Tue, 2009-06-09 12:18

Some of the many likely problems associated with a UN Parliamentary Assembly are already present in the the EU as discussed in articles and responses "The European Pariament: What's the Point" and "The European Parliament's Future". A main one being how to give such a body any genuine authority without a mechanism and incentive to garner respect from the member states. Local politicians will have little desire to give power away and have the ability, aided by a population fed by nationalistic views, to claim successes for themselves and to blame any such body for all ills that befall their state.

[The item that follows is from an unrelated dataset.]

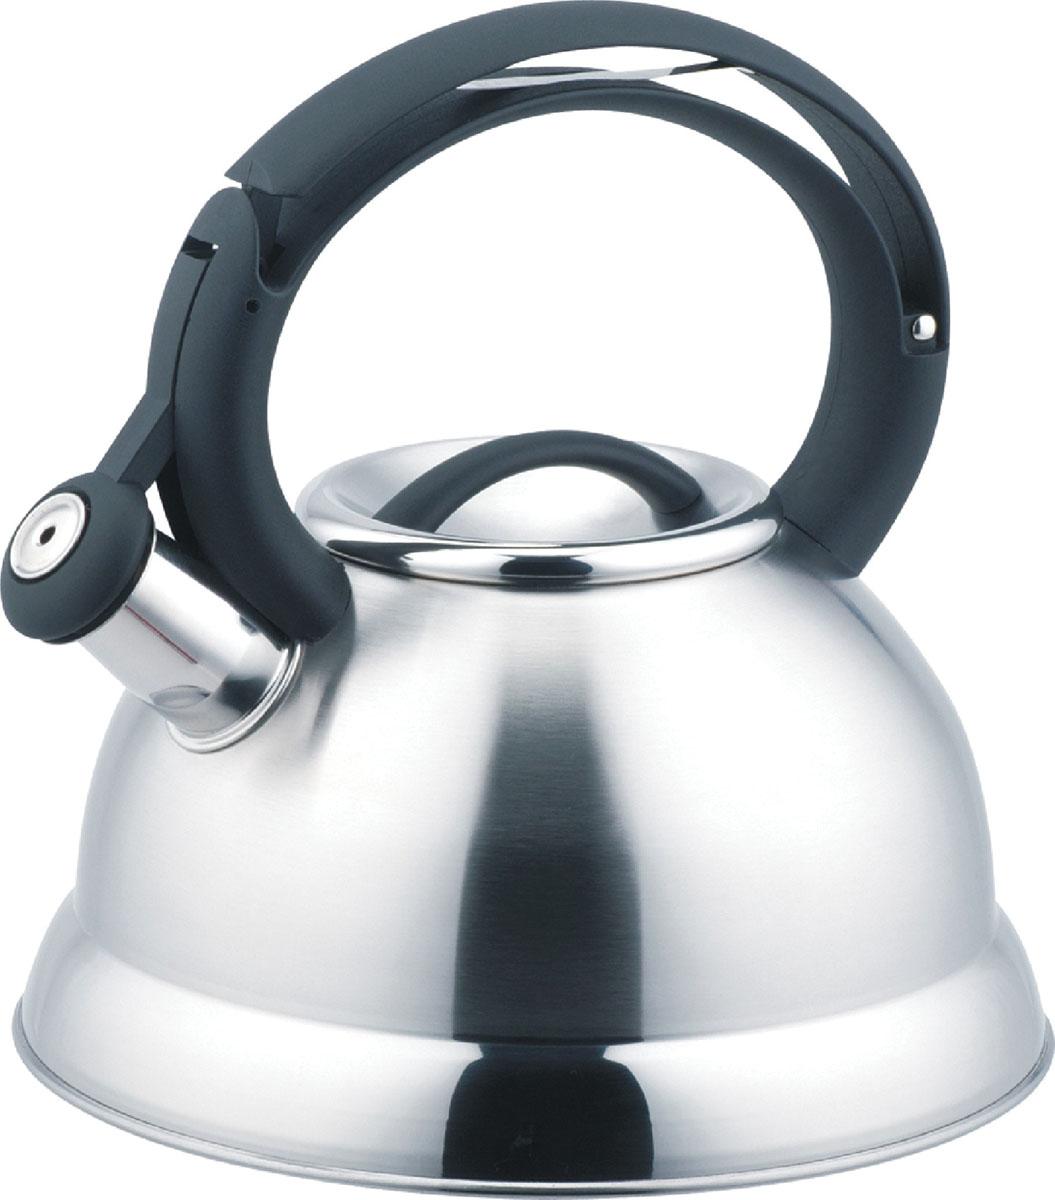 Чайник Bekker De Luxe со свистком, 2,6 л. BK-S404BK-S404Чайник Bekker De Luxe изготовлен из высококачественной нержавеющей стали 18/10. Поверхность матовая с зеркальной полосой по нижнему краю. Капсулированное дно распределяет тепло по всей поверхности, что позволяет чайнику быстро закипать. Эргономичная фиксированная ручка выполнена из бакелита черного цвета. Носик оснащен откидным свистком, который подскажет, когда вода закипела. Свисток открывается нажатием на рукоятку. Подходит для всех типов плит, включая индукционные. Можно мыть в посудомоечной машине.

Whilst a noble idea for the future, I fear that it is likely to be impractical for some time. We have a world today where the vast majority are economically poor and not well educated. It may be a desire to distribute wealth and power more evenly, but the wealthy and powerful are not going to agree to such a move being forced upon them, however subtle the attempt. Democracy only works with a well informed populace and this is clearly not the case - even in the developed world. There would be the real danger of a dictatorship of the majority (not even of the proletariat, where at least they were defined as the wealth producers). There needs to be a far greater equalisation of wealth and political ideas before such a system would even be considered.